I've been thinking about Mothers Day lately. So has much of the blogosphere. I love that so much of what I've seen is about the dirty, smelly truth of it all, how ugly and hurtful, wonderful and terrible it can be.
The cooing baby lying fetchingly in its cradle too easily supplants the trials and embarrasement of labor, I think. What you see in the media and in most books is the rosy, downy-headed ideal of it all: the soundly sleeping baby; the cozy mornings in the nursery as the rising sun softly paints the walls; the first laugh, steps, words. As a result, it seems like women are afraid to talk about the rage and isolation that can come with having children. Like they're bad mothers if they even so much as think that maybe this whole motherhood thing isn't as great as everyone said it would be. Even worse, I think some start to think there's something wrong with them for not being 24/7 head-over-heels in love with their children. That's starting to change--and about time--but not fast enough for my taste.
Every now and then, you see what's been hastily swept under the rug. Brooke Shields blew the barn doors open when she publically revealed her battle with postpartum depression. Liv Tyler lambasted other celebrity moms for rushing to lose their pregnancy weight too fast. For the most part, though, celebrity mothers have nothing to say about motherhood but how wonderful it is, how fullfilling, how they can't imagine anything as entirely glorious. Feh. Give me a nanny, driver, cook, housekeeper, and personal trainer and I'd have nothing but sunshine coming out my ass, too.
Most of us, however, muddle through as best we can with no one to aid us but family if we're lucky, nearby friends if we're not. There isn't enough public discussion about the raw insides of motherhood. I hope that will change soon. Until then, I'm here to rant about it in excruciating detail.
Happy Mothers Day, you.
Five bad motherhood things about me:
- I spend entirely too much time online.
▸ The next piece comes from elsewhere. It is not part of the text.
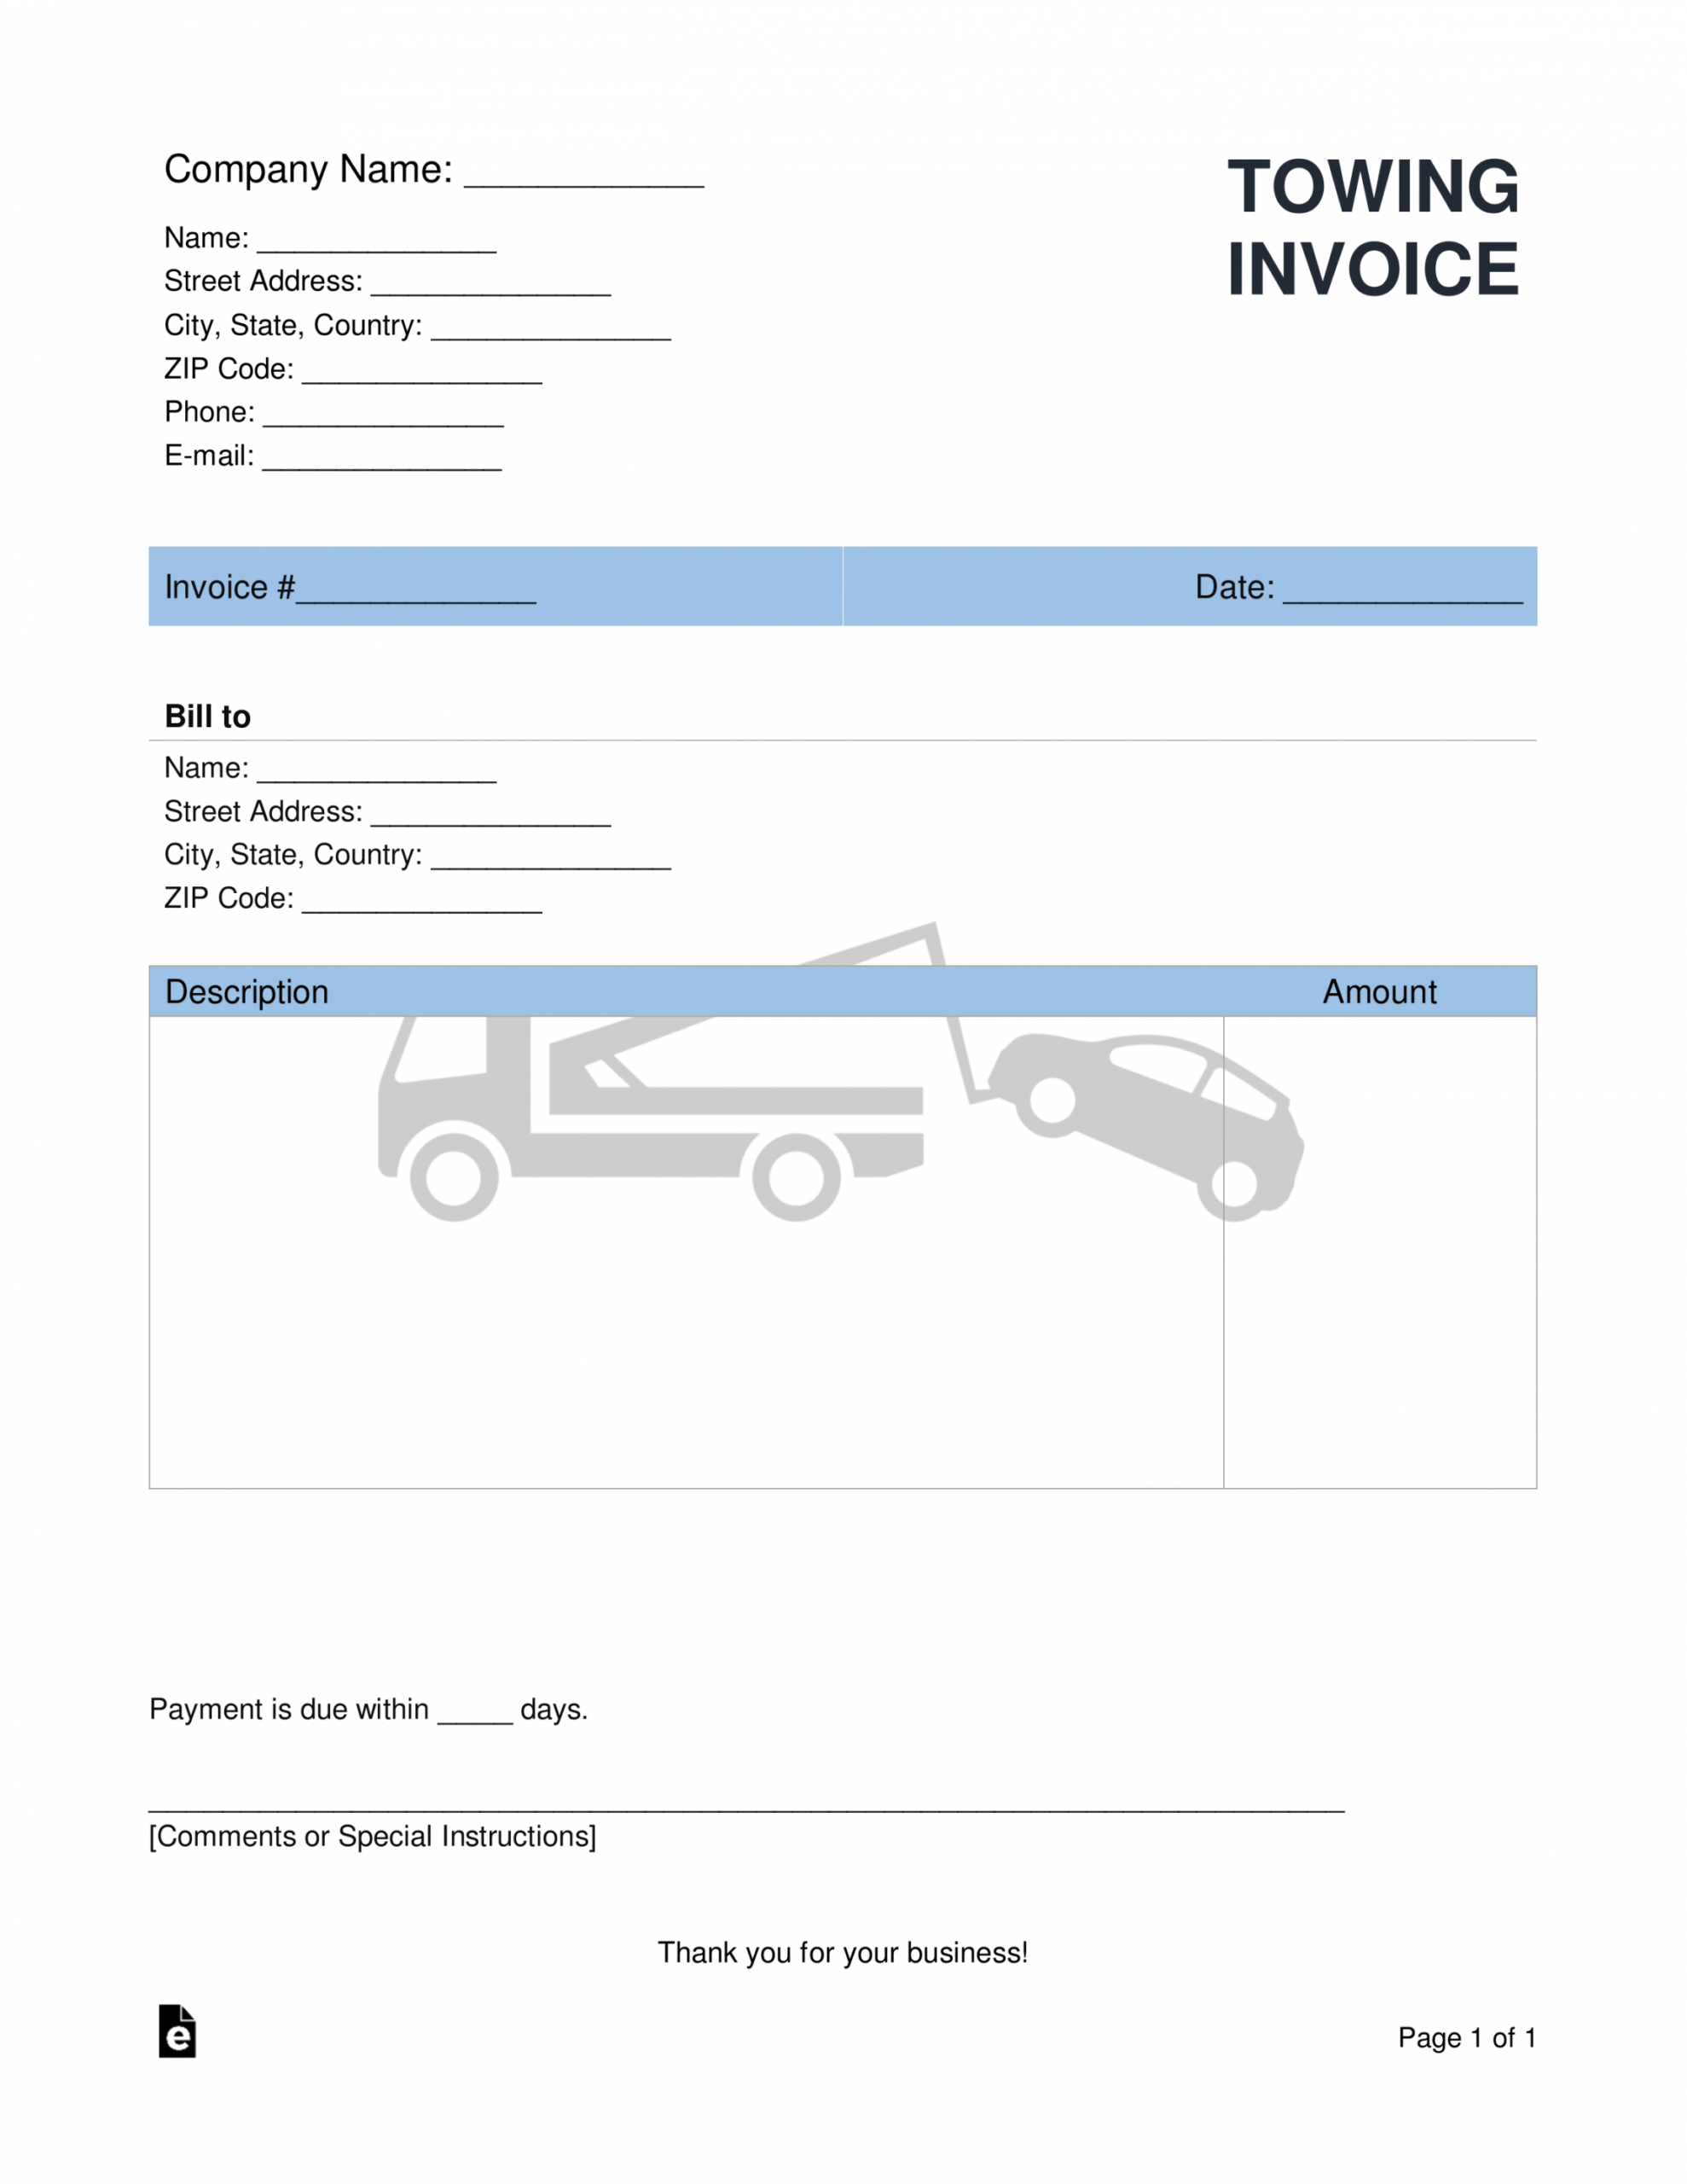 Tow Truck Receipt Template | Emetonlineblog pertaining to Towing Business Plan Template

Part of that is that we live far enough outside of town that working around the nap schedules of two kids pretty much prevents me from running errands or doing toddler-time activities without sacrificing infant sleep. So I
waste a shitload of timesocialize online. Oh, and blog. I do that, too.
- I am a terribly impatient person and get immensely frustrated when she dawdles or refuses to cooporate. When we need to leave yesterday to get to an appointment and she refuses to get dressed, I get icy and stiff.
- I have discovered that I don't like toddlers nearly as much as I like babies. Not to say I don't get a kick out of her on a pretty regular basis, but this independence thing is killing me.
- I let her watch more tv than I would like because I'm spending too much time online (see #1 above).
- No idea how to entertain a toddler, especially on shitty, cold, rainy days. Which we've had for the better part of a week. Which will continue into next week. Which sucks. Immensely. I leave her to entertain herself a lot more than I think I should because I don't know what to do with her.
Five good motherhood things about me:
- Perp eats anything we put in front of her. I put that down to feeding her whatever we're eating and refusing to make food an issue. We'll fight about so much stupid shit in our lifetimes, why make food a battle?
- She's sunny, independent, and sociable, mostly due to her inborn nature but fostered by my willingness to hand her over, as a baby, to nearly anyone who asked. Or so I tell myself. She never had stranger or separation anxiety.
- Both my children were breastfed since the day they were born. Perp continues to nurse several times a day at over 2 years of age.
- I am a Good Enough Mom.
- I honestly can't think of a fifth item. How fucked up is that?